Но жить надо, и у Веры Ивановны магазинный кулич на столе, называется «кекс весенний»: по весне, недели за две до Пасхи, на соседней кондитерской фабрике с давних пор переходили на куличи, сладострастный запах ванили усиливался, и жильцы близлежащих домов даже форточек открыть не могли: в их квартиры врывались ванильные веяния, все пропахло, диваны, мягкие кресла, посуда, белье. Тараканы, в изобилии ползавшие по стенкам квартир, и те, кажется, пропахли ванилью. Государство озорничало, шалило, подмигивало трудя­щимся: выпекало, а что — неизвестно. Кулич? Кекс?

Уселись за ужин.

— И зачем он это сделал, Боренька наш? — вновь и вновь сокрушалась Вера Ивановна.— Он же умный мужик, уж не знаю я, граф или князь, а ему померещи­лось, будто суд какой будет, процесс...

Яша что-то бормотал об энергетических волнах, которые он разошлет по вселенной, собирая силы единомышленников из Норвегии, Перу и Новой Гвинеи. Катя слушала деликатно, а добрая Вера Ивановна в первый раз в жизни усомнилась в доктринах своего благоверного, померещилось ей, что она начала прозревать:

— Уж какая там Гвинея, Яша-Ашя, то ли Новая, то ли Старая! Меня следователь Петров вызывал, ознакомил со всем происшедшим. Может быть, затемнение на Борю наслали? Ты как мыслишь?

— Это точно, наслали. А Петров их орудие, Вера Ивановна; шлют ему приказания по ментальному плану, он и лепит на Борю дело.

— А с другой-то стороны вникни ты в его положение: пришел Боря к должно­стному лицу, угрожал, с кинжалом набросился. Если бы, конечно, этот враг наш, главпсихиатр, гуру вашего отпустил... Но и он не мог отпустить так просто, тут повязаны все. Или верно мне соседка шепнула: в лапу дать надо было, уж скинулись бы, я бы серьги свои продала, золотые. В конвертике бы на стол и подсунуть...





Ничего не ответил Яша. Налил рюмочку водки «Русской», приподнял, выпил: он нарочно выпил за пять минут до полуночи — бросил вызов тысячелетнему ханжеству церкви.

Петров был изысканно вежлив, просил прийти к нему завтра, назвать удобное для меня время. Наугад я вытолкнул из себя: «Одиннадцать часов». Он ответил, что закажет мне пропуск, будет ждать.

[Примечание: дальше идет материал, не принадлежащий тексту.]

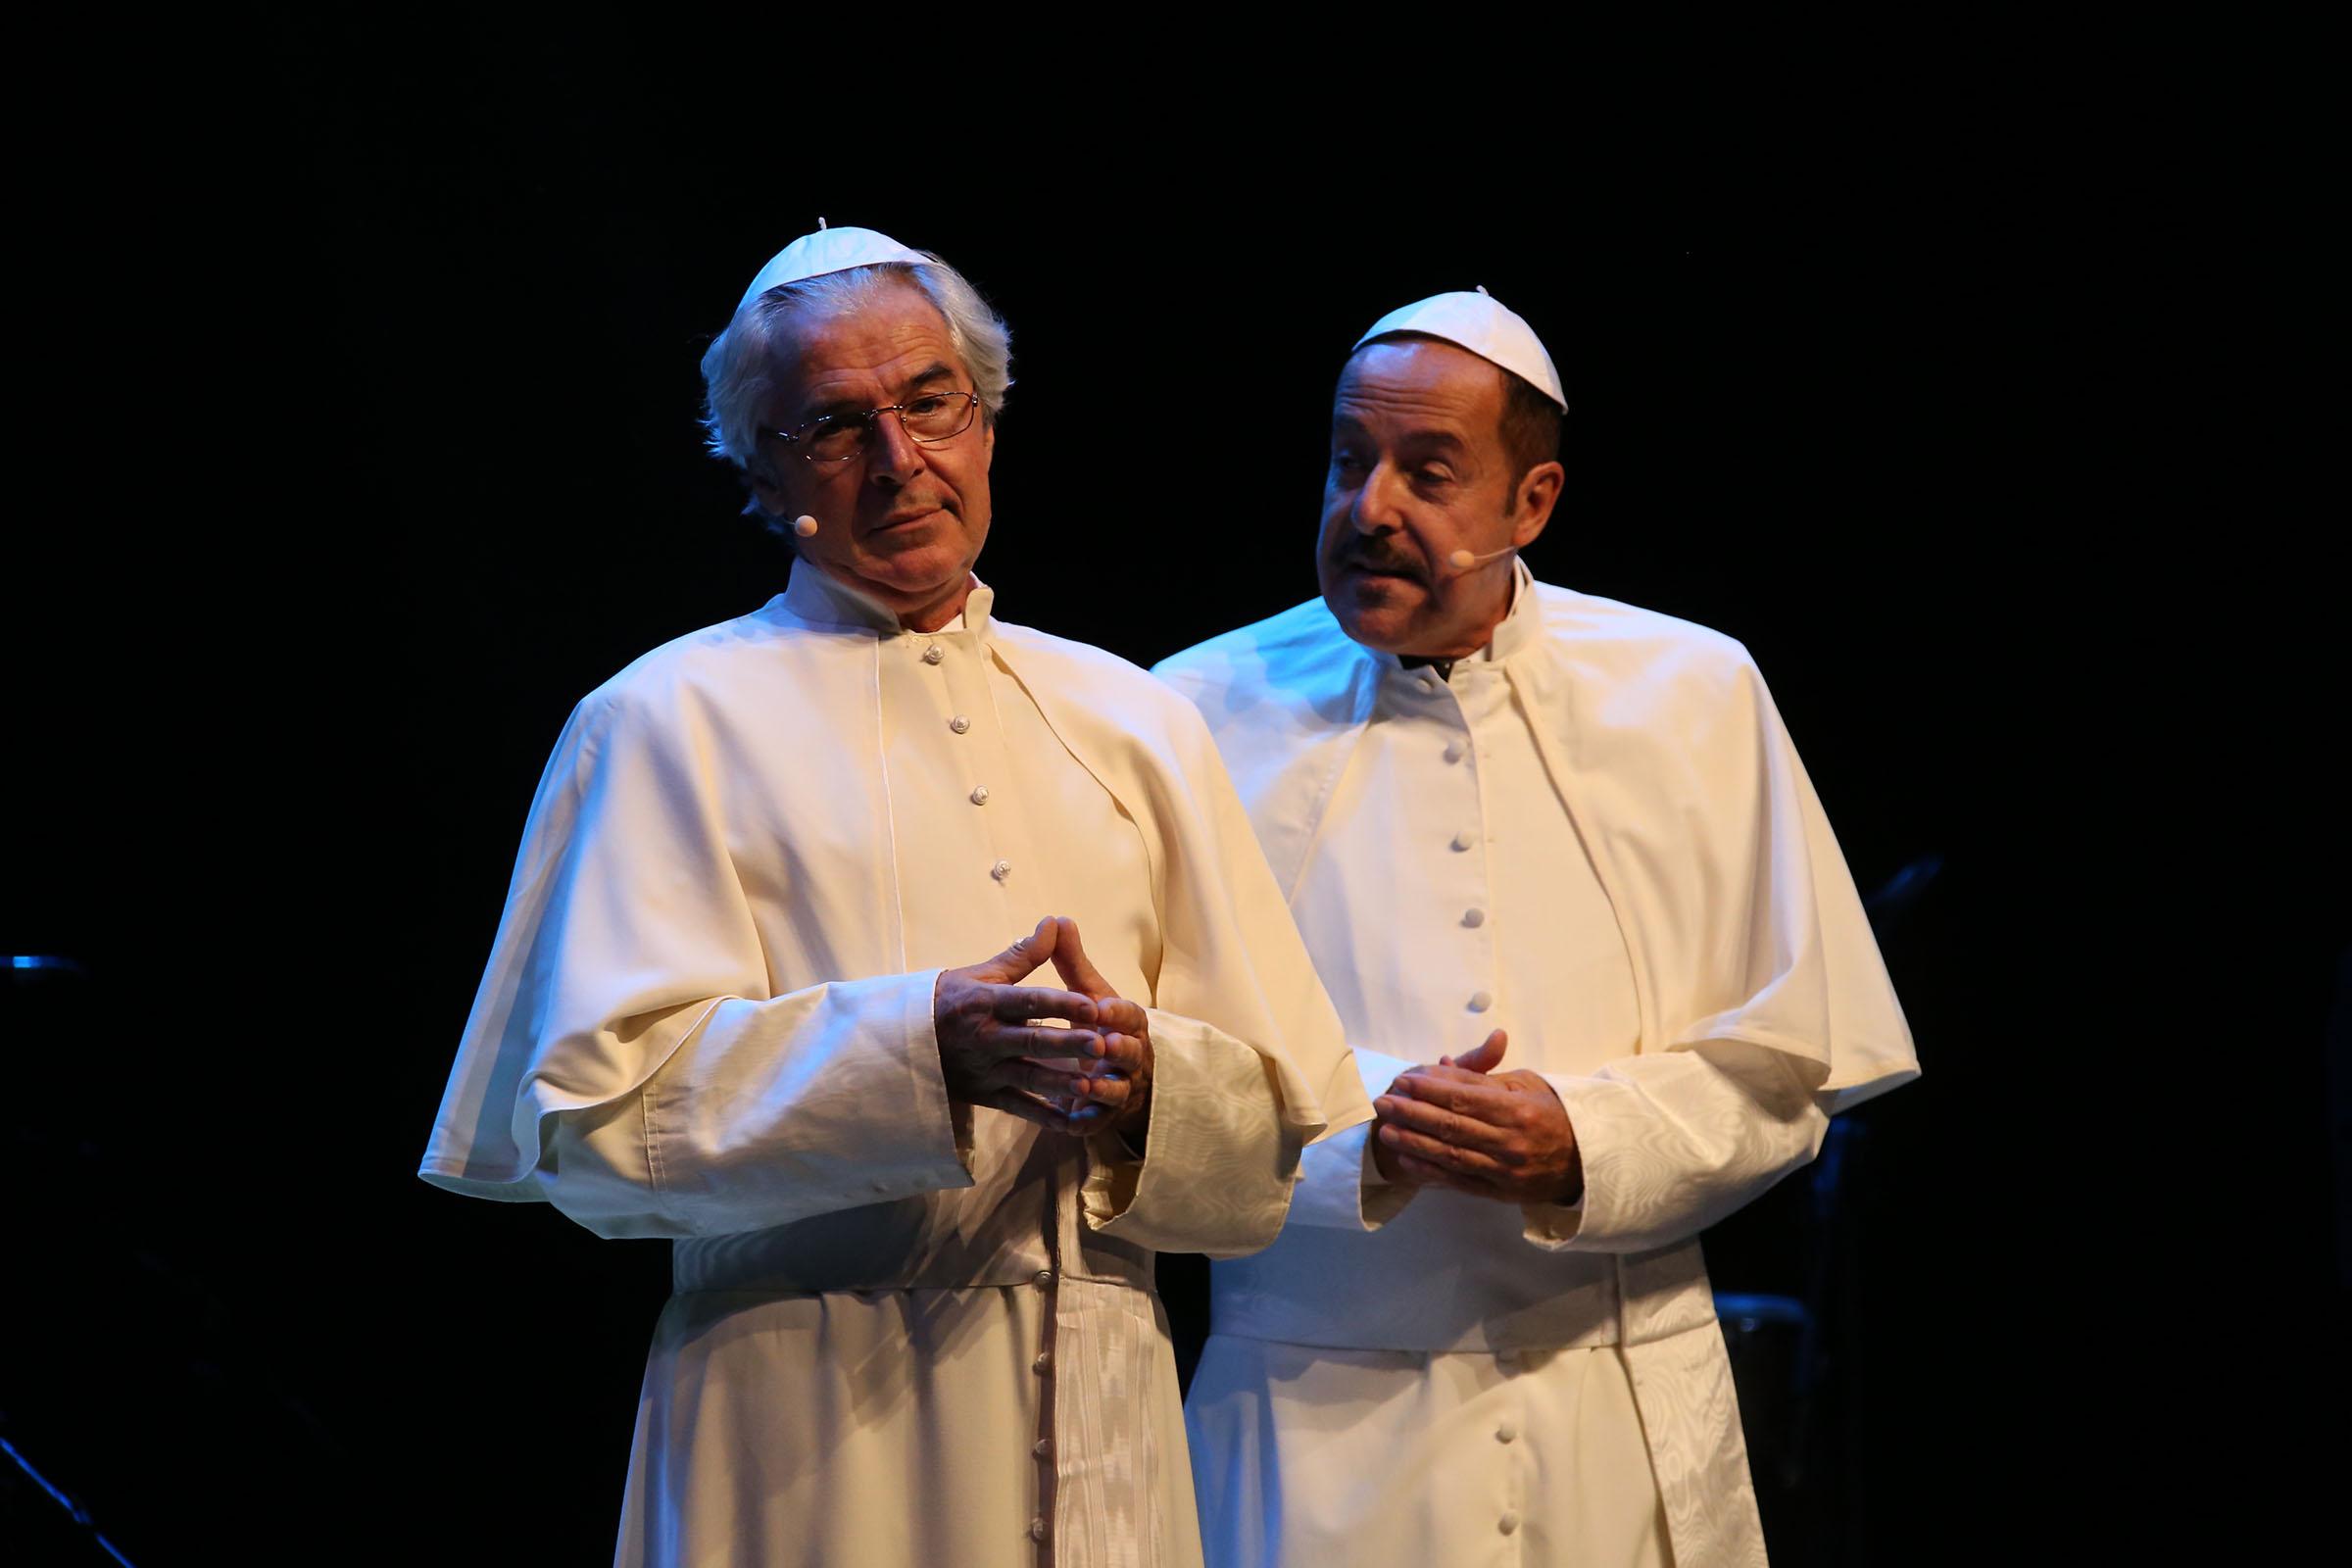 Massimo Lopez e Tullio Solenghi in papa bergoglio e ratzinger

Ночь я почти не спал. Обыватель, которого вызвали к следователю, как известно, тоскливо перебирает свои грехи и провинности; у меня их было навалом: например, еще прошлым летом я ездил в глухую деревню и крестил там сыночка Васю, регистрировать же сей акт и не думал, а напротив, потому-то и ездил, что отнюдь не намеревался ничего регистрировать. Милый батюшка, подвыпивший сельский священник, промолчал, но нашлись доброхоты, сообщили, что закон служитель культа нарушил? А по номеру «Жигулей» и до меня добрались? Что еще? И что-то подсказывало: гуру, в нем все дело!

Злополучного гуру я сроду не видел, все, что я рассказываю о нем,— рекон­струкция: как ученый-палеонтолог («на-у-ка!»), я воспроизвожу его горькую жизнь по репликам Яши и Бори.

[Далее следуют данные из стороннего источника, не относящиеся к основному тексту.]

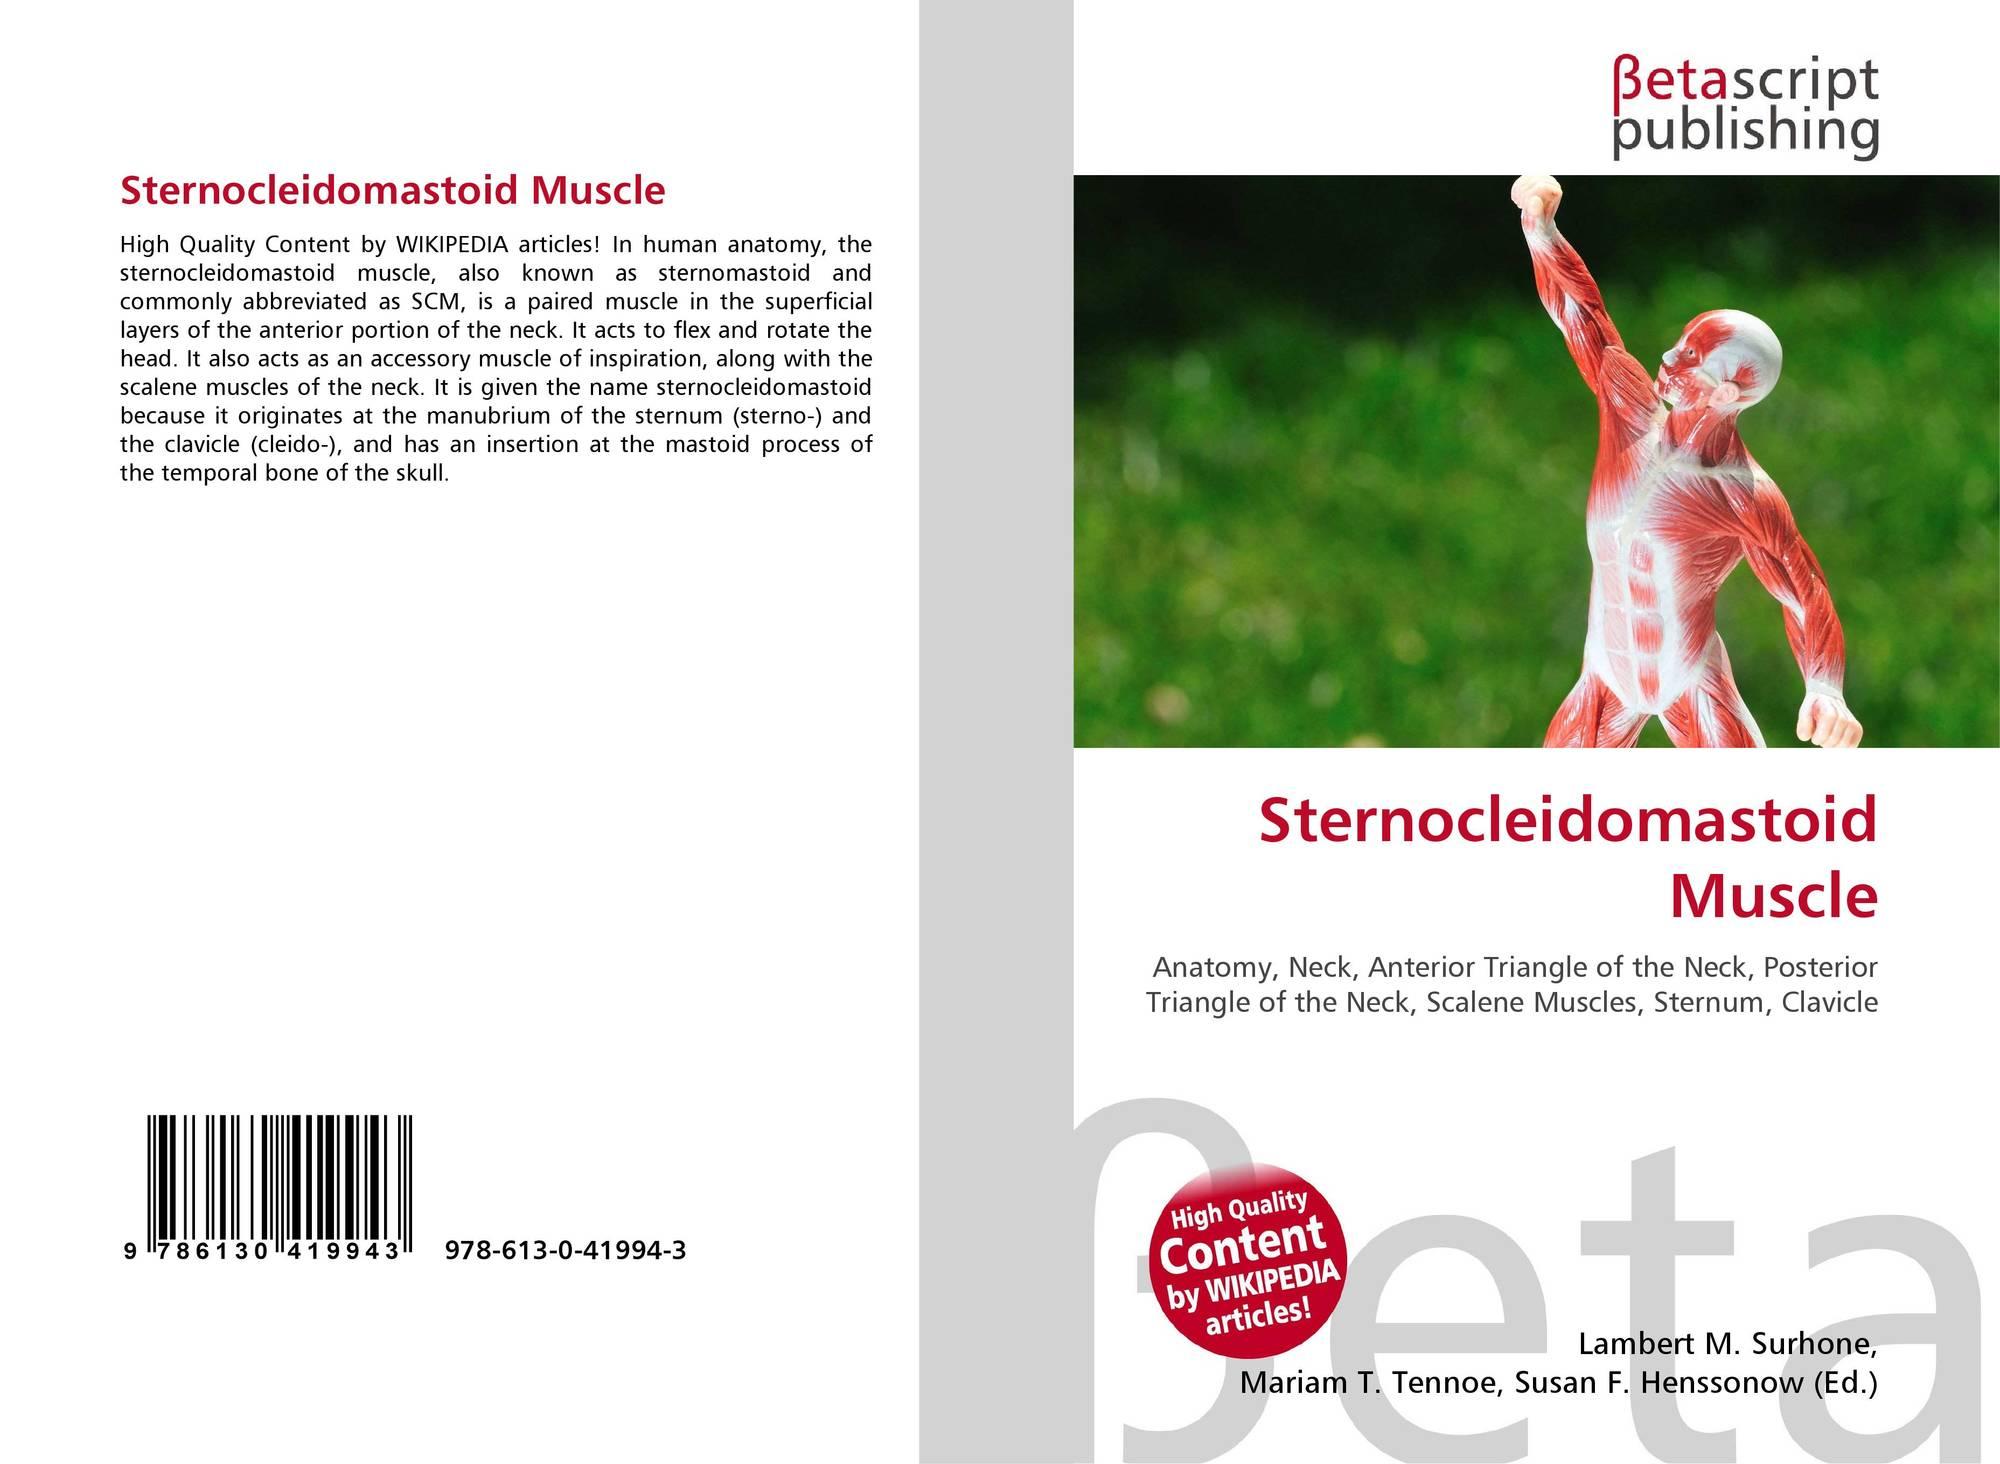 Sternocleidomastoid Muscle 978 613 0 41994 3 6130419945 9786130419943

И у следователя Петрова мы говорили, конечно же, о гуру и о Боре. Я о Бори­ном подвиге от следователя и узнал, с опозданием, потому что вообще-то слух о покушении на главного психиатра города Москвы и Московской области уже полз из учреждения в учреждение, из одной всезнающей очереди в другую. Ползли слухи, да все как-то мимо меня; и случившееся оказалось для меня сокрушитель­ной новостью: показал мне следователь фотографию — формата открытки, цвет­ную:

— Знаете ли вы этого человека?

— Знаю,— я пролепетал, а сердце упало: фотографии следователям на доб­рую память не дарят, думал я — мне уж очень хотелось так думать! — что-нибудь из быта СТОА, из отвергнутого прошлого Бори: что-нибудь стащили да сбагрили. Но угасла надежда.

А следователь — современный Порфирий Петрович — мудрствовать лукаво не стал: все мне сразу и выложил. Протокол показал, остальное и представить себе недолго.

— А Иванова вы знали? Общаться с ним приходилось?

Чистосердечно открещиваюсь: в глаза не видал Иванова, авантюристом его считаю, духовным растлителем, хотя, может быть, и несчастен он в чем-то.

— А Гундосов говорил, что... Да нет, не будем это фиксировать.

Что же мог говорить Гундосов, поручик Сытин, граф Сен-Жермен? Неужели обо мне говорил что-нибудь? Но зачем? Хотел показать, как солидно у них там дело поставлено: даже, дескать, доцент из УМЭ к ним захаживал.